# Форум 1С > Конфигурирование, программирование 1С - Предприятие > 1С - Предприятие 7.7 >  КРИВО ОБНОВЛЯЕТ Классификатор банков с сайта РБК

## Chokopay

Помогите проблема такая. Не обновляет классификатор банков и еще их просто не показывает после обновления. До обновления коды начинаются на 05.06.....и так далее и банки там есть, при нажатии кнопки обновить удаляется НОЛЬ и папки пусты с банками.!!!! что делать помогите, кто сталкивался(Версия конфигурации самаая последняя и на старых точно так же) диска ИТС нет только с сайта
без 0.jpg1коды есть.jpg2коды есть.jpgпапка пустая.jpg

----------


## Fltr

> Помогите проблема такая.
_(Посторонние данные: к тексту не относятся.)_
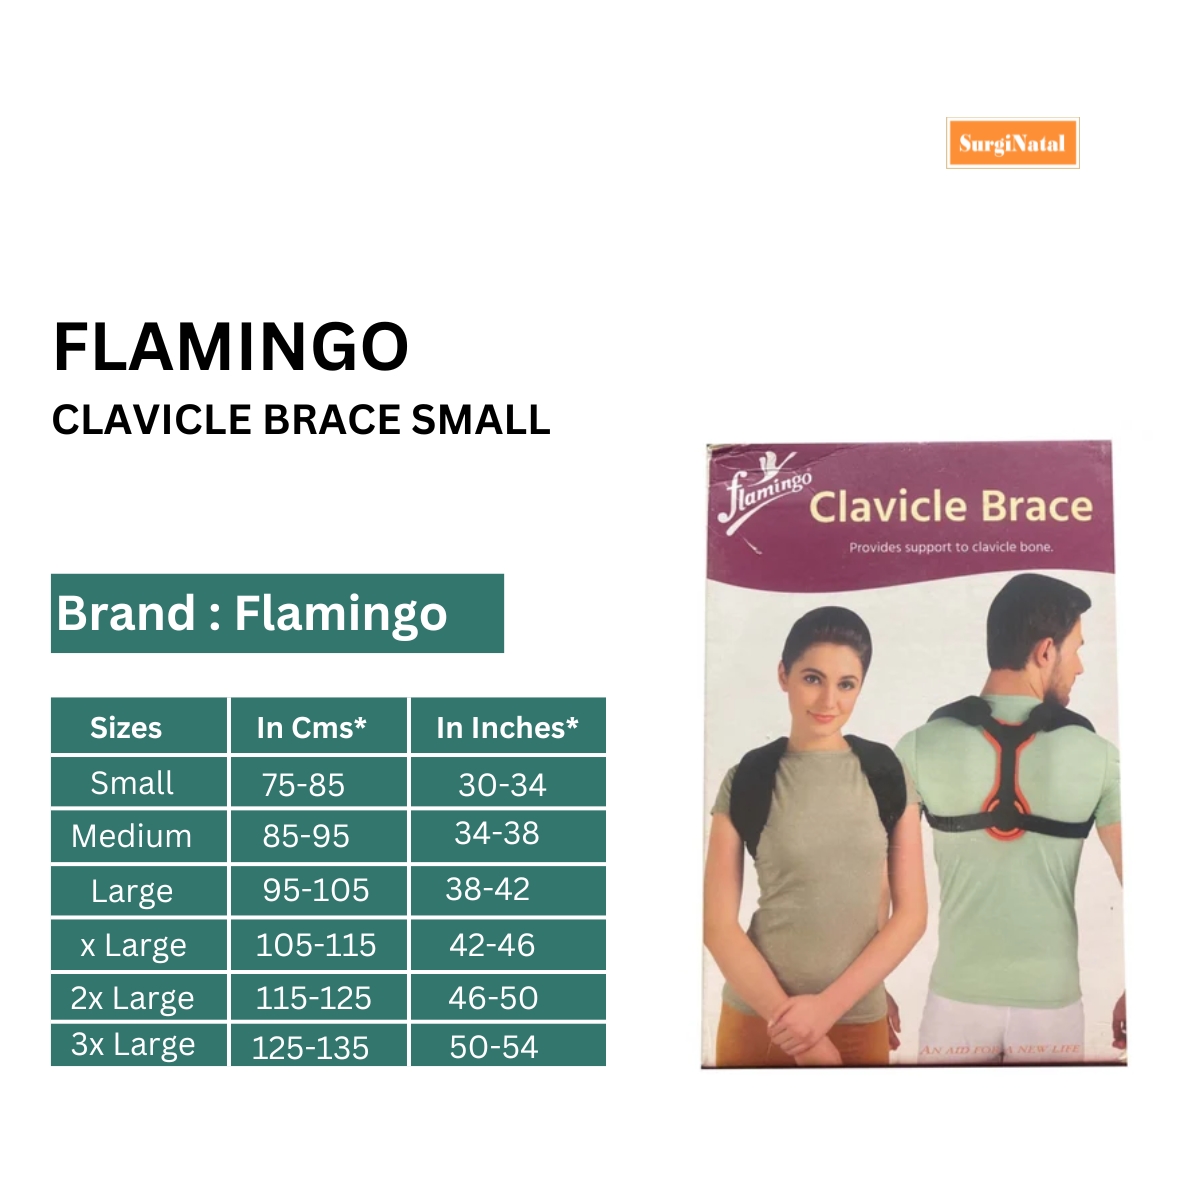 flamingo clavicle brace small
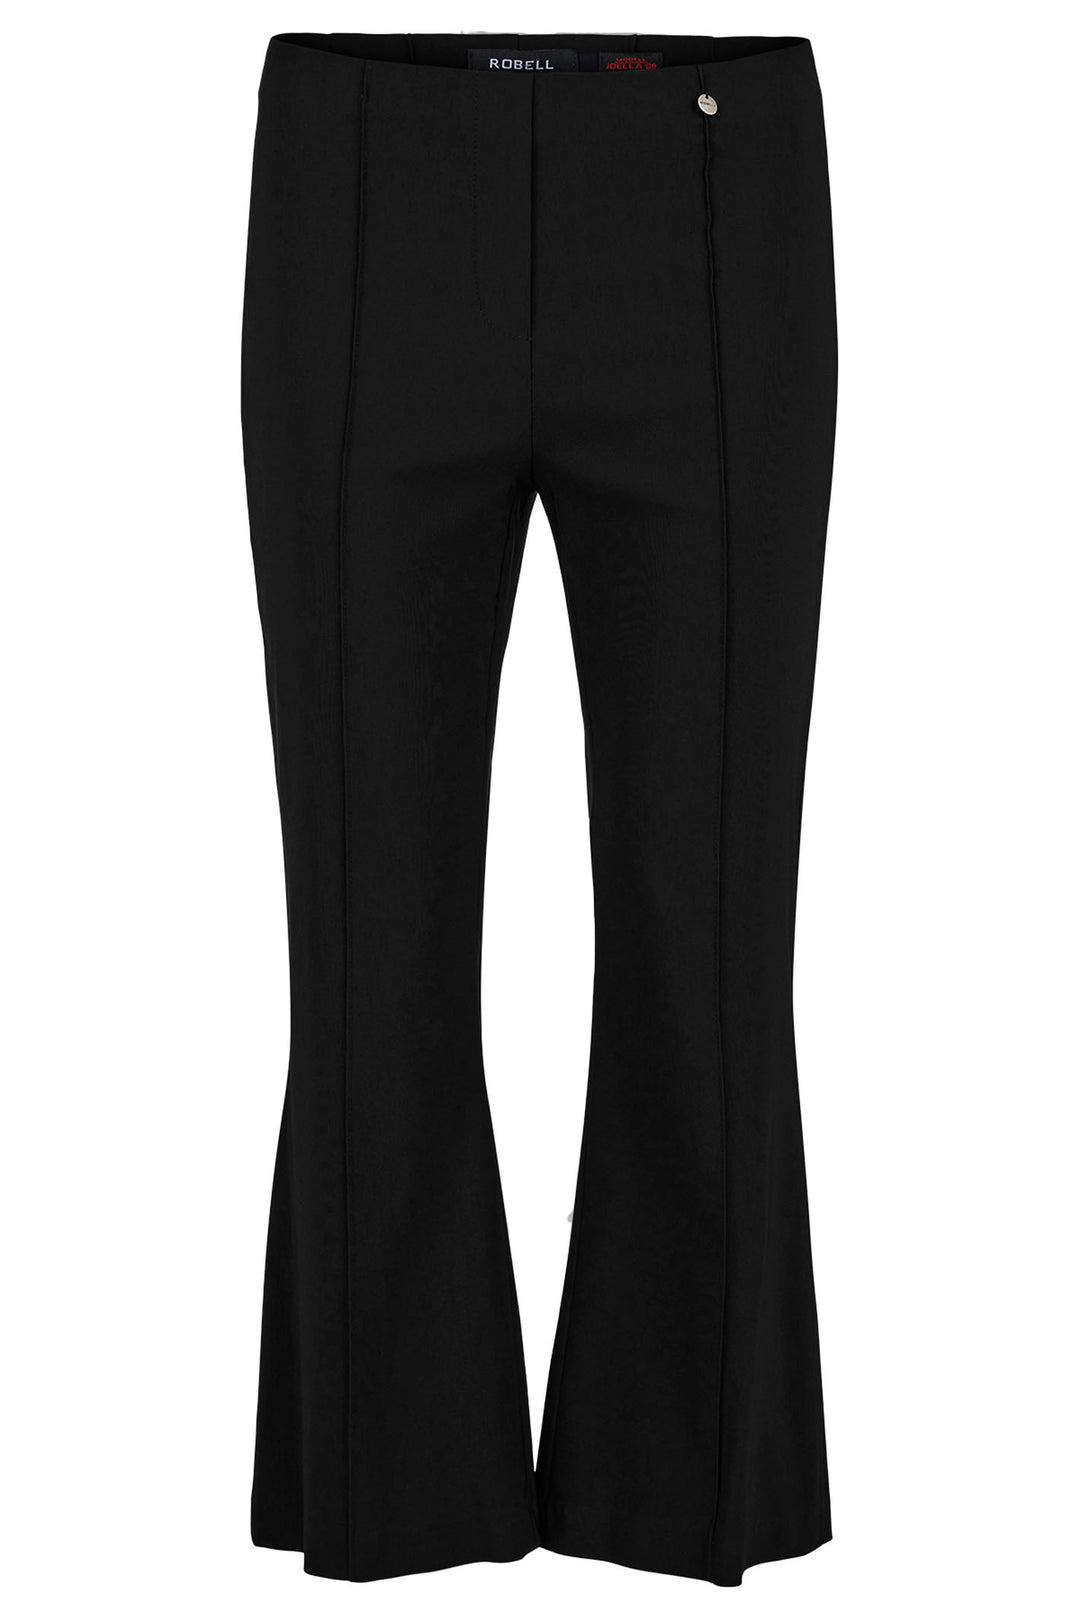 Robell 53421-5499-90 Joella Black Kick Flare Pull-On 65cm Trousers - Olivia Grace Fashion

Не обновляет классификатор банков и еще их просто не показывает после обновления. До обновления коды начинаются на 05.06.....и так далее и банки там есть, при нажатии кнопки обновить удаляется НОЛЬ и папки пусты с банками.!!!! что делать помогите, кто сталкивался(Версия конфигурации самаая последняя и на старых точно так же) диска ИТС нет только с сайта
> без 0.jpg1коды есть.jpg2коды есть.jpgпапка пустая.jpg


Все-таки какая конфигурация и релиз?

----------


## Chokopay

> Все-таки какая конфигурация и релиз?


спасибо, скачал диск ИТС подгрузил и все встало на свои места

----------


## Chokopay

Бухгалтерия предприятия 4.5 Какие-то проблемы у РБК.....

----------


## jashik

кто-нибудь ! дайте плиз этот чертов файлик! нормальный....не глючный!....с РБК лезет какая то фигня...Еврейская АО пустая...евреи все разбежались

----------